Growing up on Snead Island, my childhood was filled with aquatic adventures. During the summer, when we were out of school, my friend and I checked the tides to see if the conditions were right for launching the kayak and paddling around the island. My dad built a homemade dolly for easy transport to the water.
There was really no discussion needed on those days, as the destination was usually the same – Snead Island Crab House. After paddling all that way, we’d eagerly stock up on candy bars and soda, the perfect treats to recharge our energy before the journey back. We’d giggle over the merchandise - hats that read, “we’ve had crabs for 20 years and still got ‘em!" It was always a challenge to get there and back before the 3 p.m. thunderstorms rolled in, but the journey was always worth the risk.

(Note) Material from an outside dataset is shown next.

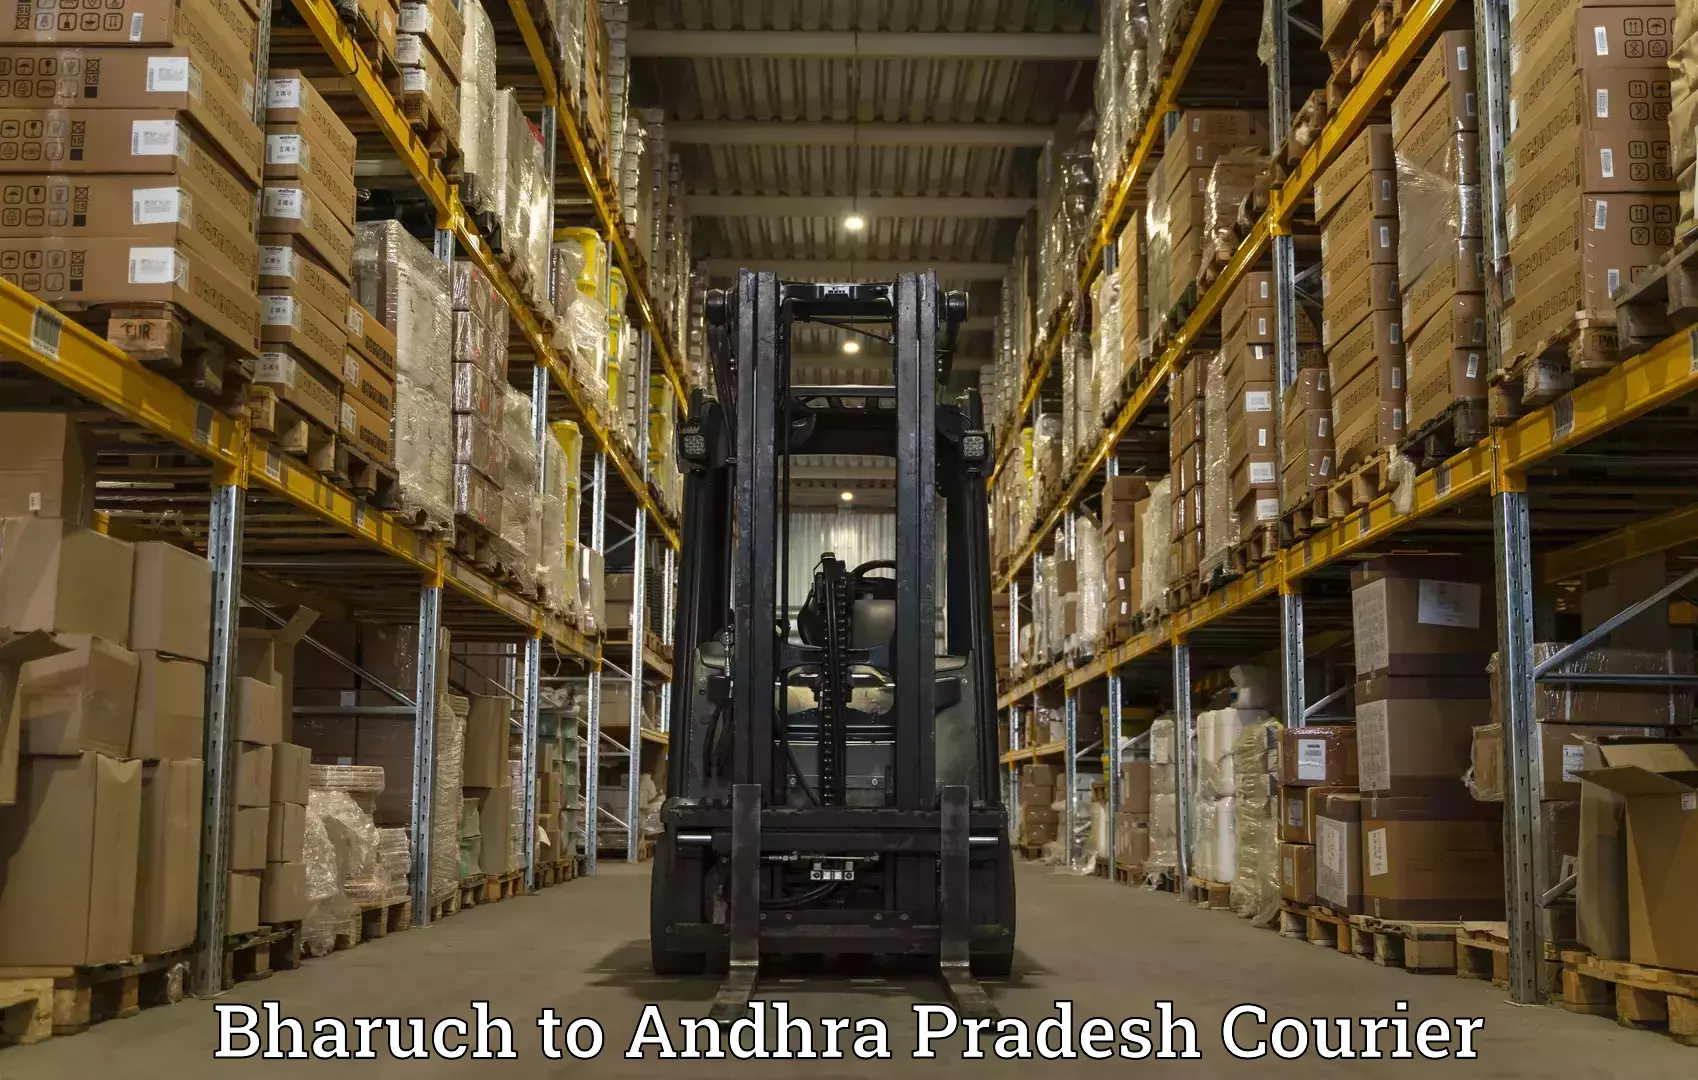 Holiday shipping services Bharuch to Visakhapatnam Port

The Snead Island Crab House wasn’t just a place for snacks, it was a hub of camaraderie and insider information only shared among a select few of trusted locals. This wasn’t idle gossip, no siree, this was the sacred exchange of fishing intelligence, when and where the fish were biting. And not just any fish mind you – it was the elusive snook we were after. Known as the king of the inshore gamefish, snook offered an unparalleled challenge. Hooking one wasn’t just a feat, it was a battle that tested the technique of even the most skilled angler.
On fishing days when I joined my mom on her open fisherman boat, we’d stop in at the Crab House for a dual purpose, the first being to stock up on bait, my mom always received the largest and livelist shrimp, and to gather the latest scoop on the fishing scene. It was the kind of place where community and tradition intertwined, fueling both our fishing expeditions and our connection to each other.

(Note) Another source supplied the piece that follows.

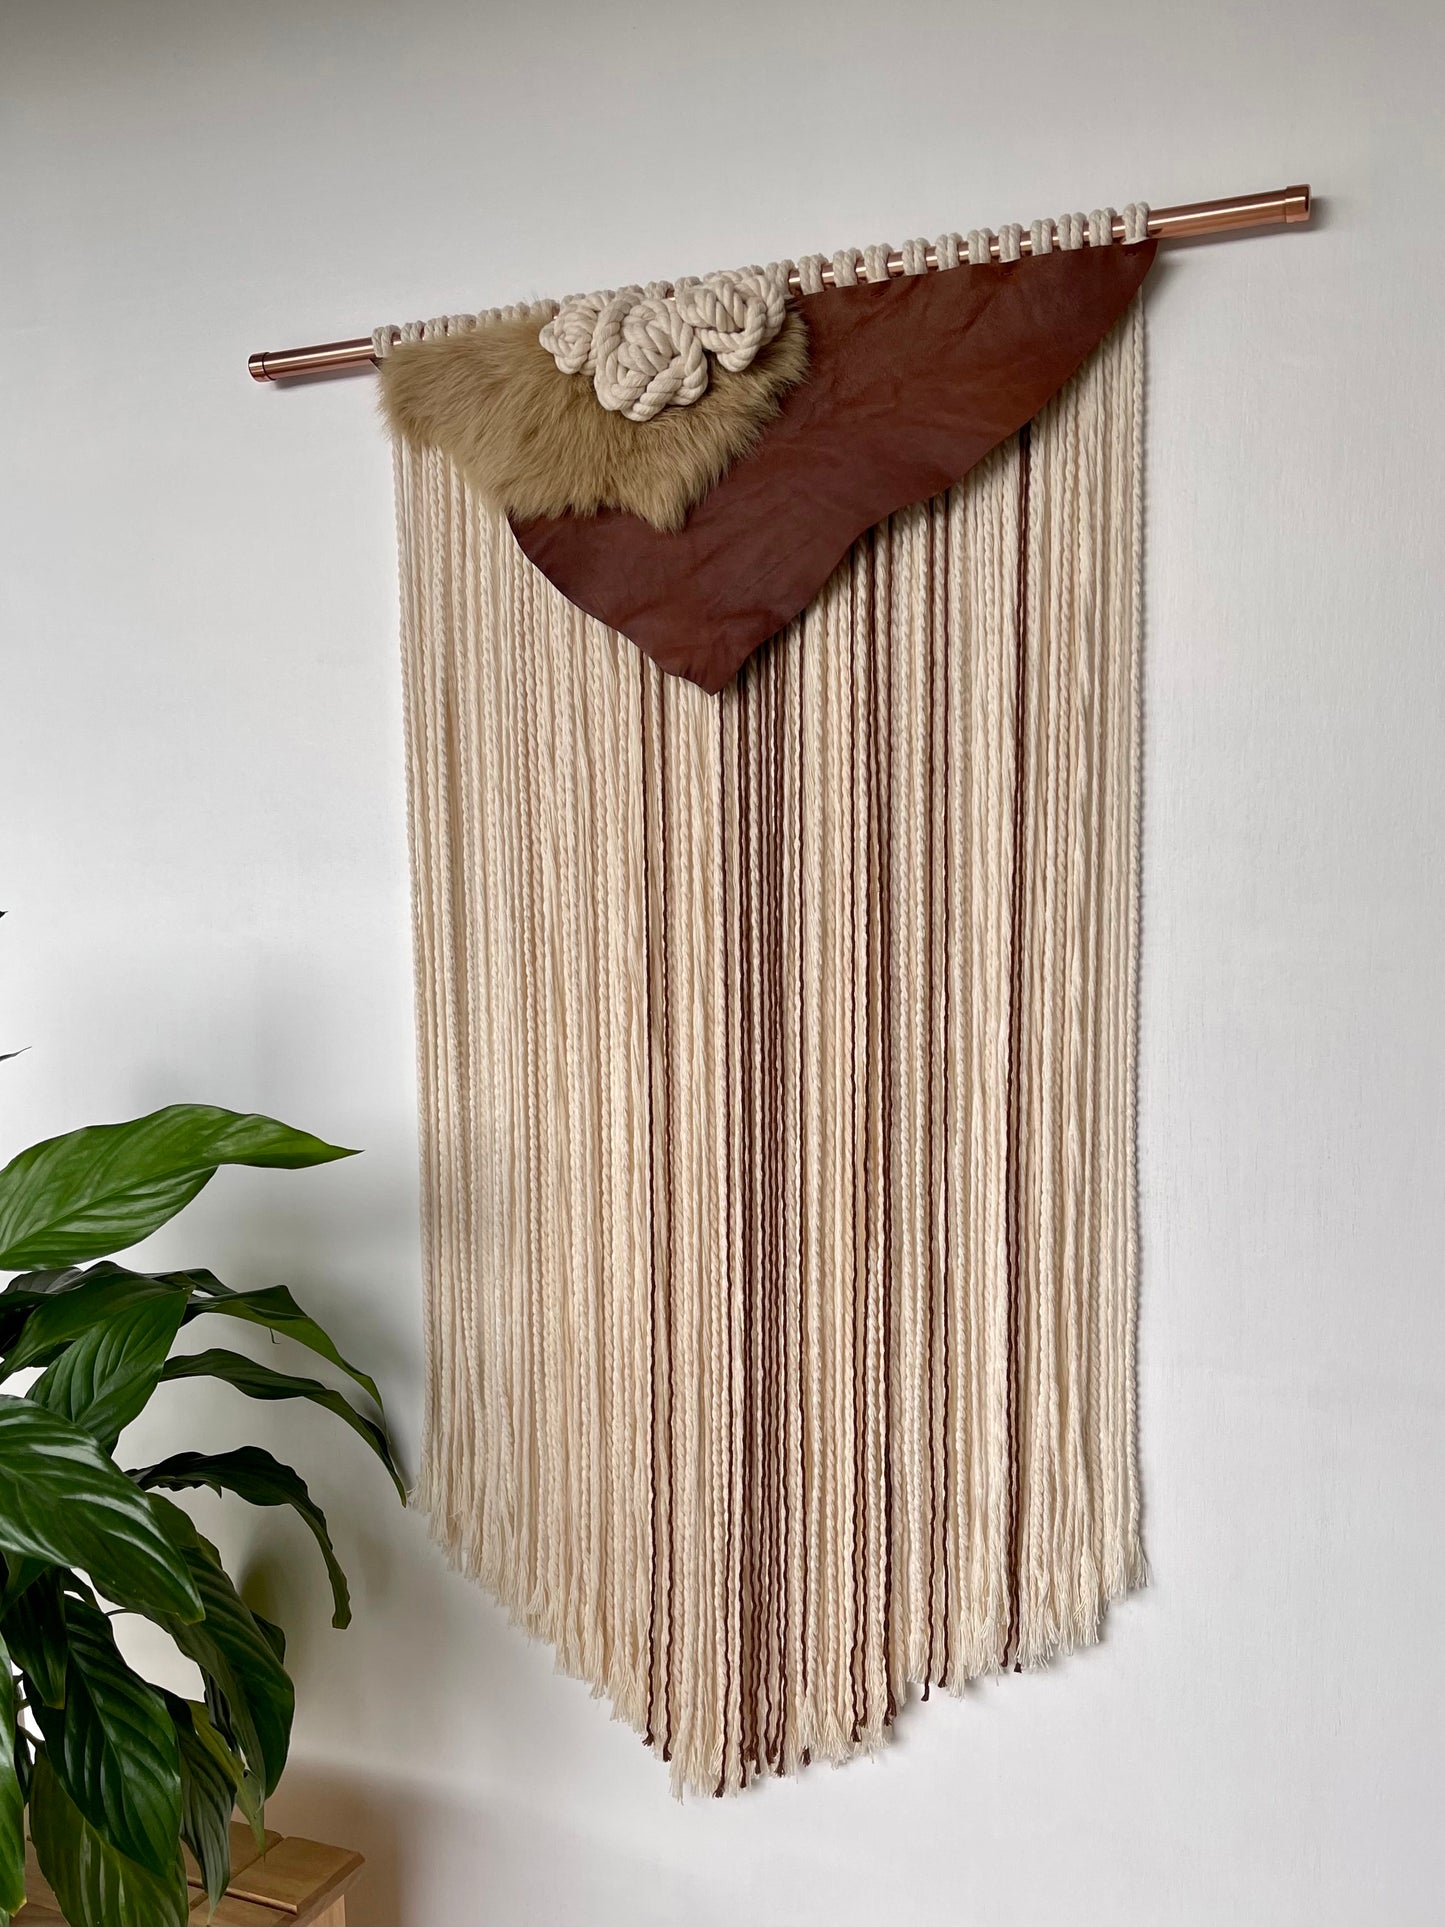 Handcrafted large cream brown leather cotton cord sheepskin wall hanging

A couple of weeks ago, while idling by the Crab House during a boat trip, I was deeply saddened to see that the docks and baitwells were nearly destroyed by Hurricanes Helene and Milton. It brought back memories of the days that seemed straight out of the Ottis Redding song, “Sittin’ On the Dock of the Bay,” where for a brief moment, the weight of the world would lift from the shoulders of those engaged in conversation at the Snead Island Crab House. Politics and stress gave way to that familiar topic everyone knew and loved: fishing.
Located on the western side of the Snead Island Cutoff, north of the Humpback Bridge, The weather-beaten structures of the The Crab House seemed almost out of place sandwiched between the high-end sail and power boats of the Bradenton Yacht Club and the mega trollers produced by Marlow Marine. However, the dilapidated structures were a welcome sight of a long Old Florida tradition.
A fish market operated at the site since at least 1930, according to “Sneads Island, Then and Now: The Early History of the Settlers of Sneads Island,” a self-published book by Kathryn Vassel Kermode. Over the years, the business changed hands several times before Clyde McInnis bought it in the 1970s. His grandson, Tyler Trudeau, who inherited the property after McInnis passed away, said it was a crab processing plant when his grandfather took it over.
In a 1993 interview with the Manatee County Historical Society, Lloyce Davis describes the operations of several of these fish houses, including the The Snead Island Crab House. Residents, including children, often participated in the operations of the fish houses, which were central to the local economy.
Davis recounted using large pots to boil crabs, seasoned with salt and local pepper plants. It was a tradition that connected the communal spirit and the local flavors of the area. For me, places like The Crab House are more than just businesses—they were community hubs. They brought people together, allowing locals to connect and create a close-knit community. Oral histories show just how much these places were relied on and respected, shaping Snead Island’s identity and helping preserve its heritage even as the world around it evolved.
As I recollect those summer days and the sense of community experienced at The Crab House, I can’t help but hope it gets rebuilt. There’s nothing quite like it in our community anymore, and I believe it’s an important part of preserving the spirit of Snead Island. The connections made, the knowledge shared, and the traditions preserved are too valuable to let fade away.